▶ Exercise instructions: Write out exactly, and only, the lines below from the line with "ff.JPG.96053e93050cf4ad14cb8bece0f59183.JPG" through the line with "Siroki Brijeg, 26.11.2017."; pictures do not belong in the copy.

▶ Data in this exercise:
------------------------------------
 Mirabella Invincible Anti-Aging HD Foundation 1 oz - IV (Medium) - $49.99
------------------------------------
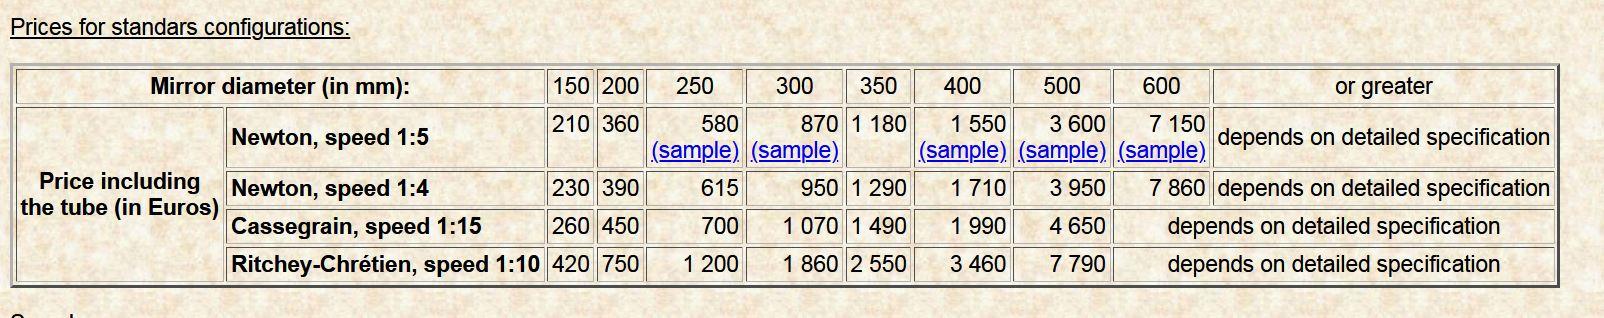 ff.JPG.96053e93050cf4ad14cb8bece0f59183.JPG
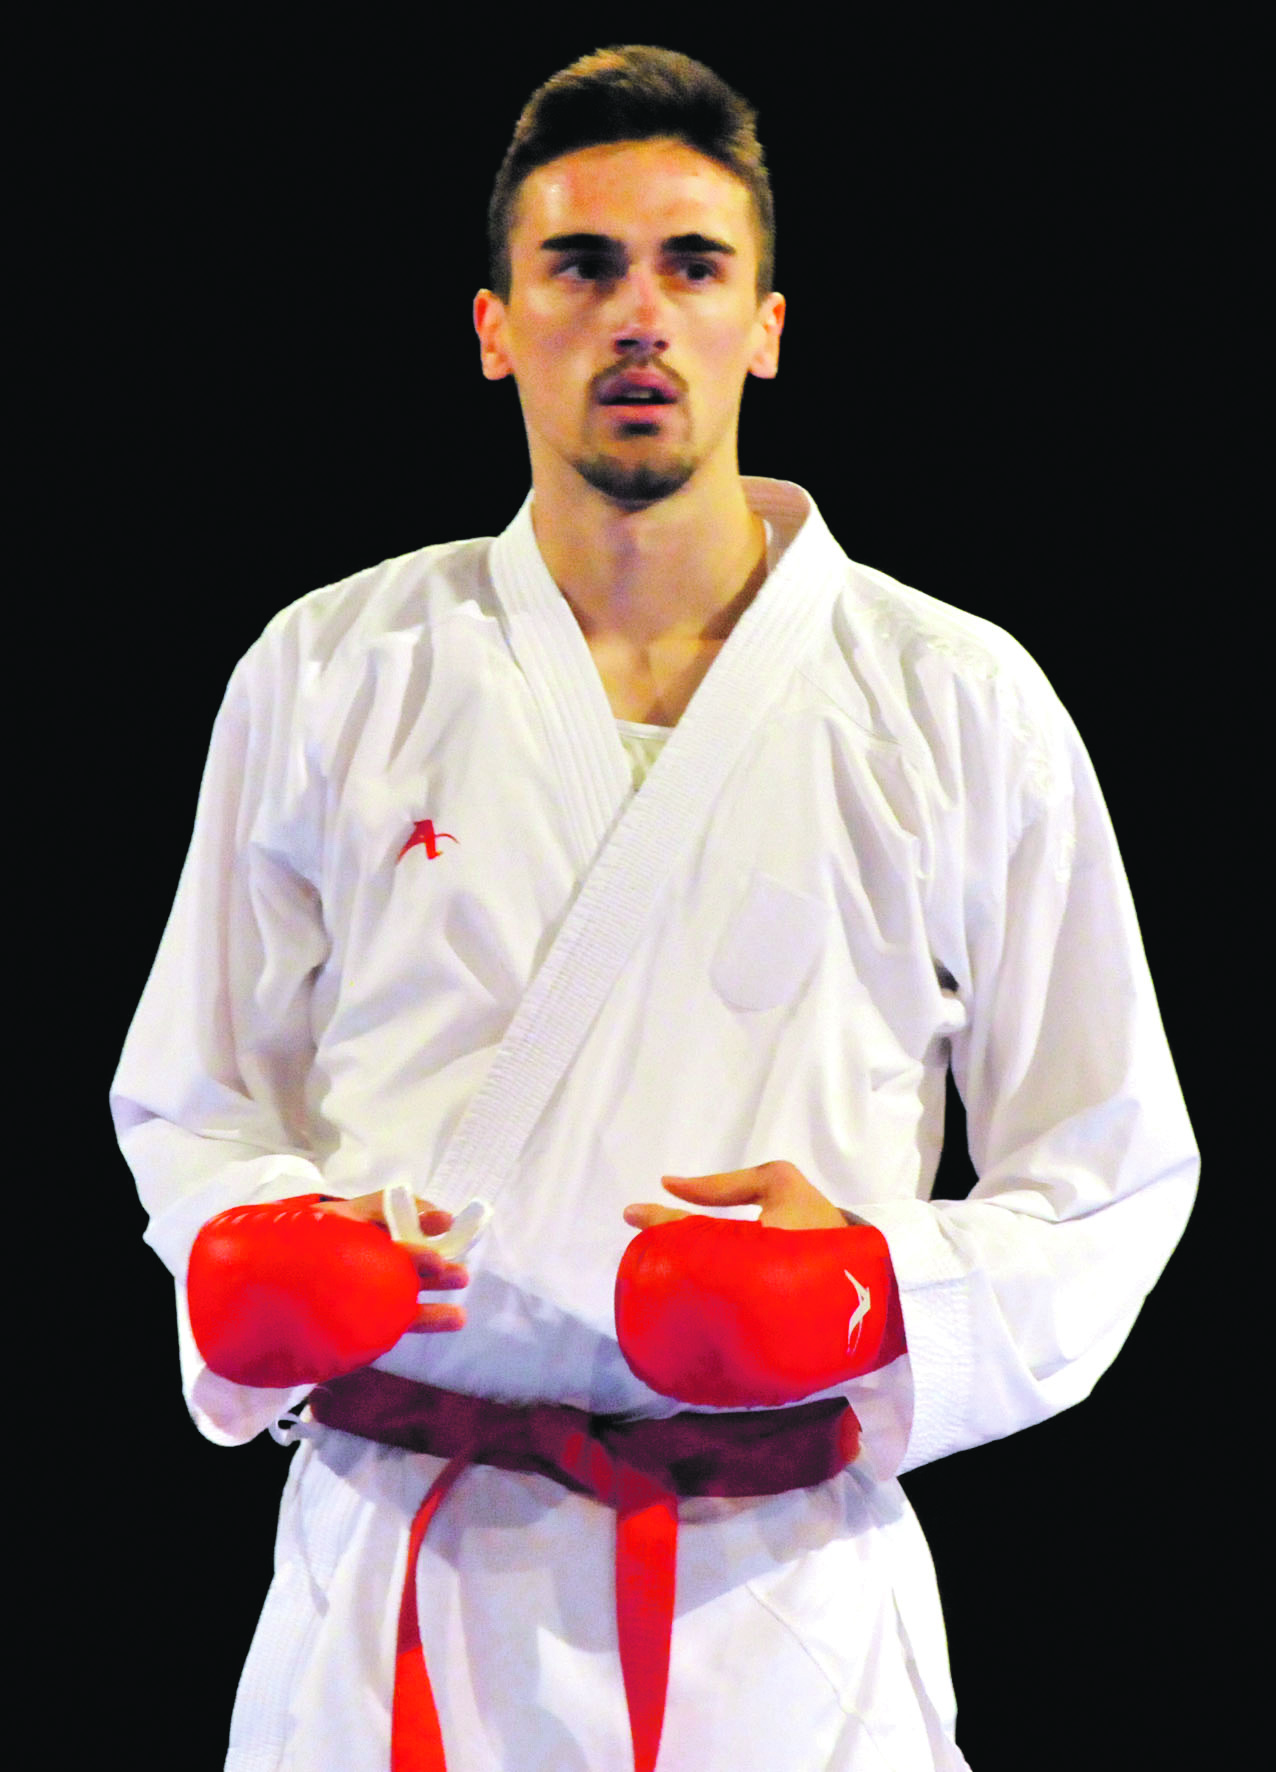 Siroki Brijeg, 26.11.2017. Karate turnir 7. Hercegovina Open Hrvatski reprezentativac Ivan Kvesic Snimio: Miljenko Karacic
------------------------------------
▶ Exercise solution:
 ff.JPG.96053e93050cf4ad14cb8bece0f59183.JPG
 Siroki Brijeg, 26.11.2017. Karate turnir 7. Hercegovina Open Hrvatski reprezentativac Ivan Kvesic Snimio: Miljenko Karacic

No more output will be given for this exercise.